Q: How does VILLAGE help transform education or make possible the types of experiences you had?
Noah: VILLAGE is on a mission to restore the community as the classroom. VILLAGE helps communities build hyper-local frameworks for educating kids 0-18 outside of the school day. Specifically, we connect 3 groups of people that exist in every community: 1) Families; 2) program Providers, such as art instructors, music teachers, sports coaches, and STEM camps; and 3) Donors.
I think of VILLAGE as a translator: our job is not to inspire these 3 groups to care about the education of their community’s children—they have that innately. Where they need help is finding a common language. We foster alignment between a community’s Families, Providers, and Donors so that their shared passion can lead to connections. These connections, in turn, can give every child access to an education that is personalized to who they are and helps unleash their talents and passions.
VILLAGE is on a mission to restore the community as the classroom.
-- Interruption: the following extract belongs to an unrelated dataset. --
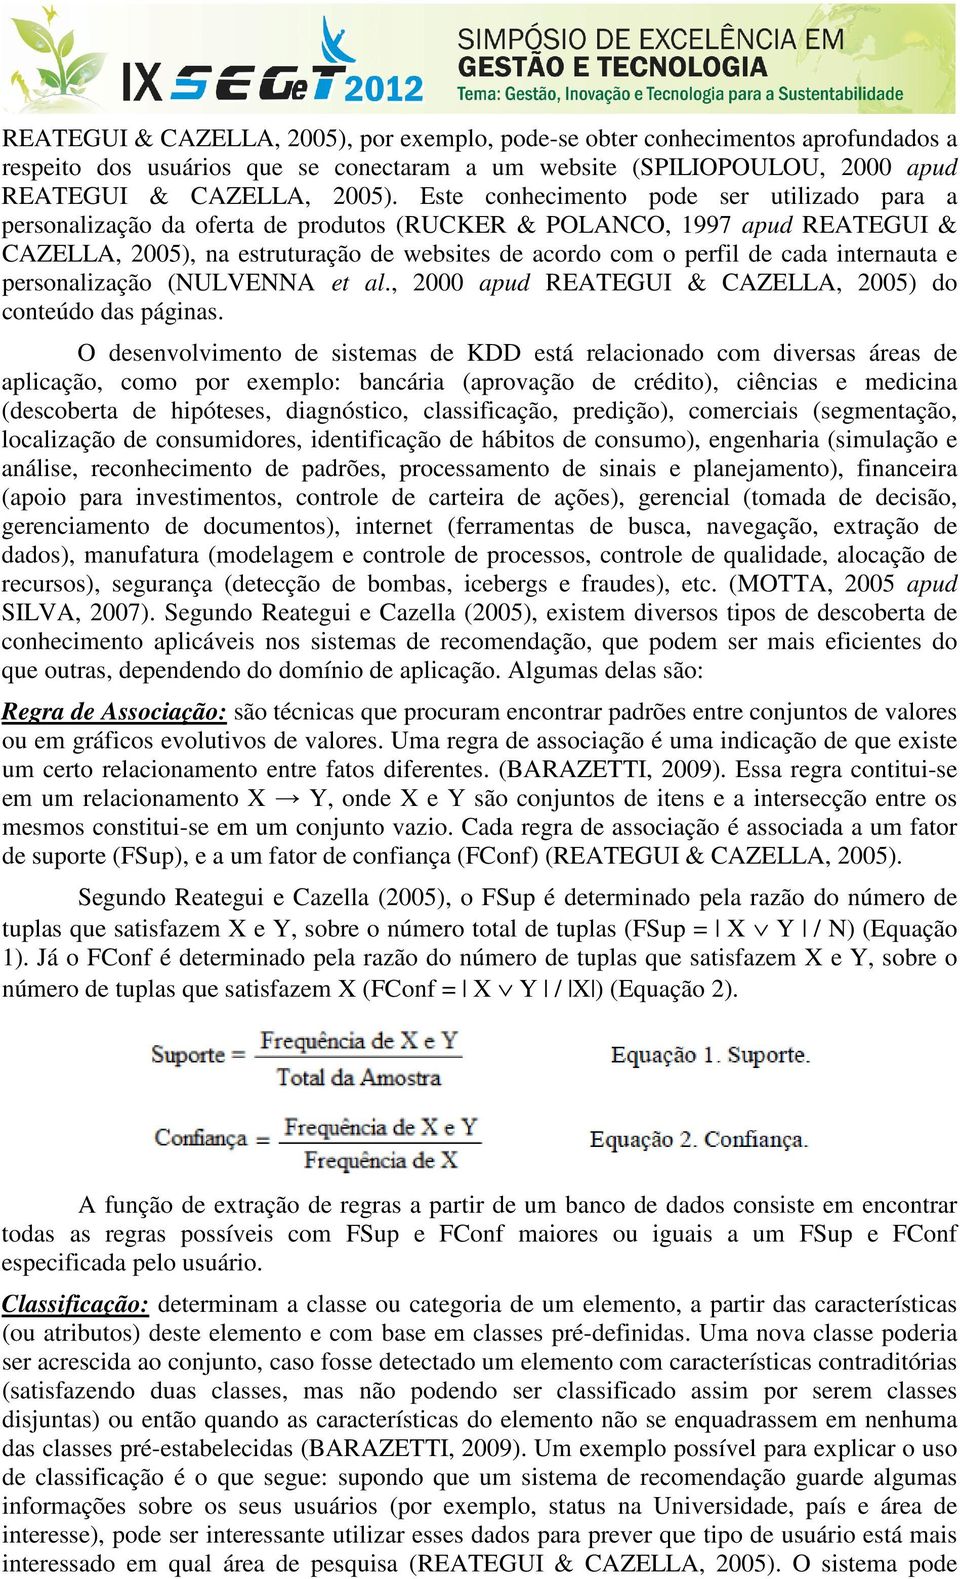 internauta e personalização (NULVENNA et al., 2000 apud REATEGUI & CAZELLA, 2005) do conteúdo das páginas.

VILLAGE helps communities build hyper-local frameworks for educating kids 0-18 outside of the school day.
Noah Plewa
Q: What has been or do you hope will be the impact of VILLAGE?
Noah: We’re still getting started, but I can tell you that to get to this point, I had to get people to see themselves in VILLAGE and help people imagine themselves in this new system of learning.
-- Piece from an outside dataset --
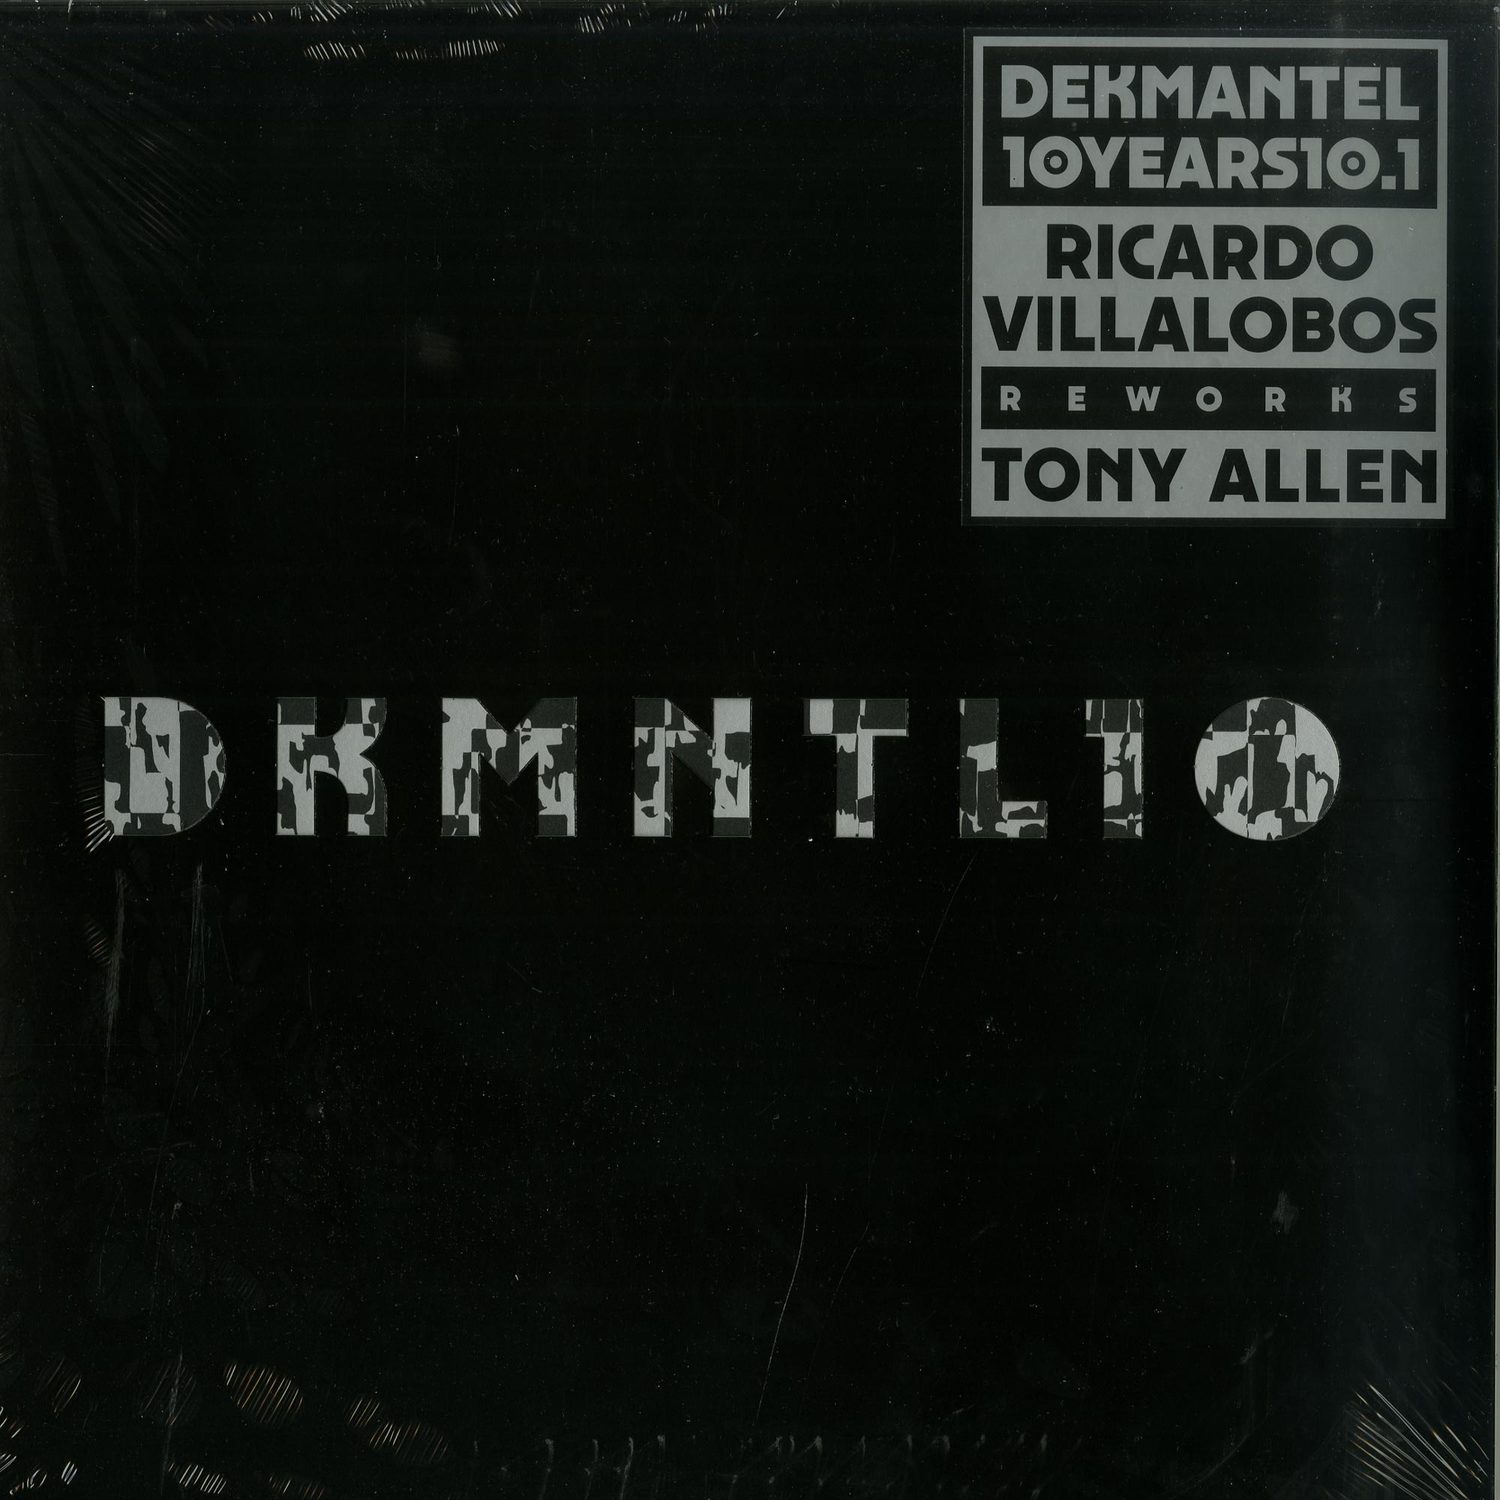 Various Artists  - DEKMANTEL 10 YEARS 10.1

One of the earliest stories was when I was getting a haircut from a guy about my age. He and I started talking, and I shared the idea for VILLAGE. This led him to share this incredible story. He was my same age and grew up in the same town as me, but because his family only spoke Spanish, he didn’t get to attend a single out-of-school opportunity just because of the registration process.
And, bear with me, this kind of gets into the weeds now of what Village does, but you can see how the fragmentation of Providers made it impossible for his parents to figure out how to register for programs. So right there, that one divide foreclosed the possibilities another child might’ve had. But, with our translation features at VILLAGE, he could’ve had not just one, but hundreds of these opportunities.
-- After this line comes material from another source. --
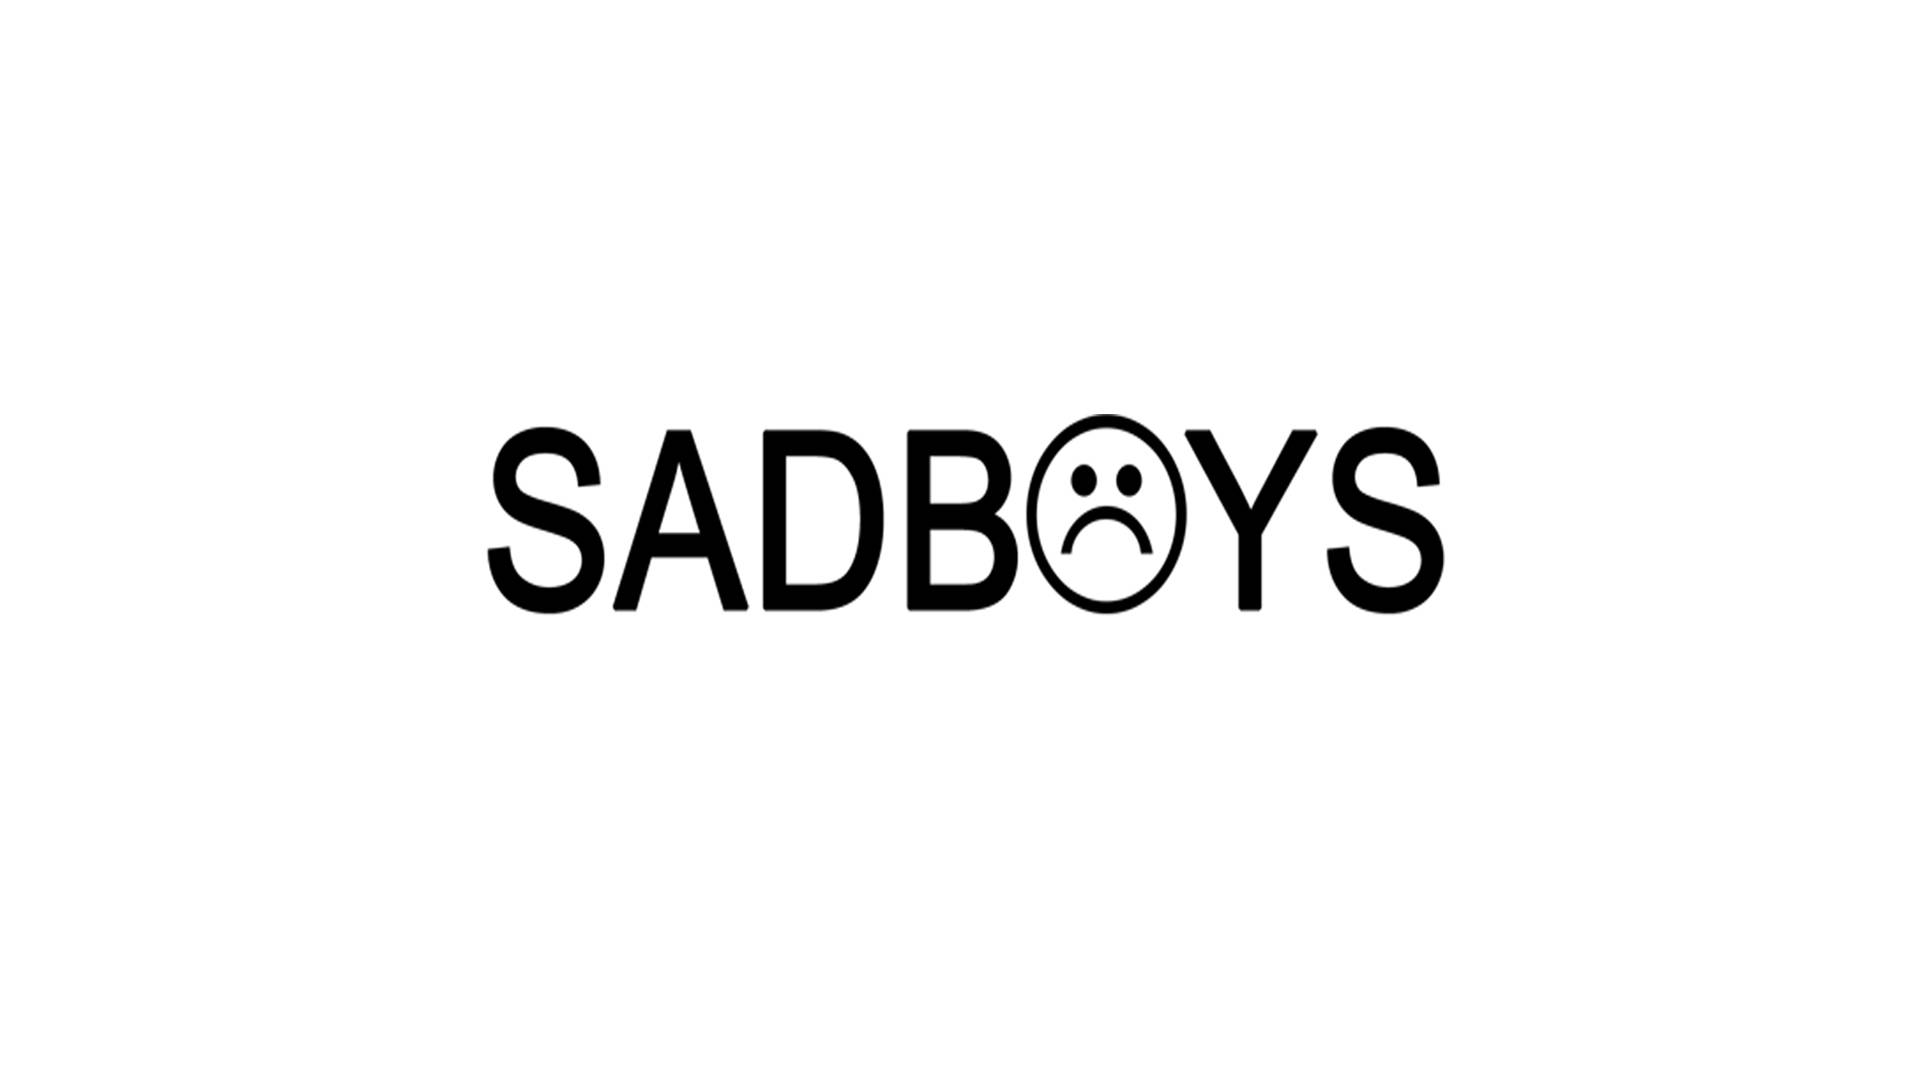 Black Sad Boys Text Background

You can also visualize the impact on the Provider side. A friend of mine, Dennis Beale runs an incredible Provider business called Power of Perception that specifically helps young Black and bi-racial kids see what they can be in the world. He connects them with incredible speakers and mentors doing amazing things, following the “if you can see it, you can be it” philosophy.
I shadowed Dennis as he was putting on one of these incredible programs to learn how he spent his time. About 70% of his time was just him trying to get the word out about his program, trying to accept registrations via email, and then trying to get in contact with the families. Only 30% of his time was spent on what he would call the “programming.”
VILLAGE totally flips that time allocation for a Provider like Dennis. He gets to focus on educating, and we take care of the logistics, such as marketing, registrations, and payments. I can’t wait to see what he does with all that freed up time!
Q: What is on the horizon and what else should we know about your work?
Noah: We’d love for people to simply follow what we’re doing in our Eau Claire, WI pilot. Our unit of impact is a registration, and that’s going to be so cool to watch.
For most of this conversation we’ve been talking about the higher-level philosophy behind VILLAGE, but really at the end of the day, our impact is connecting a kid to a new opportunity and seeing them flourish.
You hear all the time in interviews that just that one opportunity outside of school to engage with learning on someone’s own terms dramatically alters their trajectory in life. This pilot is the start of VILLAGE establishing pipelines for bringing not just one, but hundreds of these educational opportunities to every child, in every city.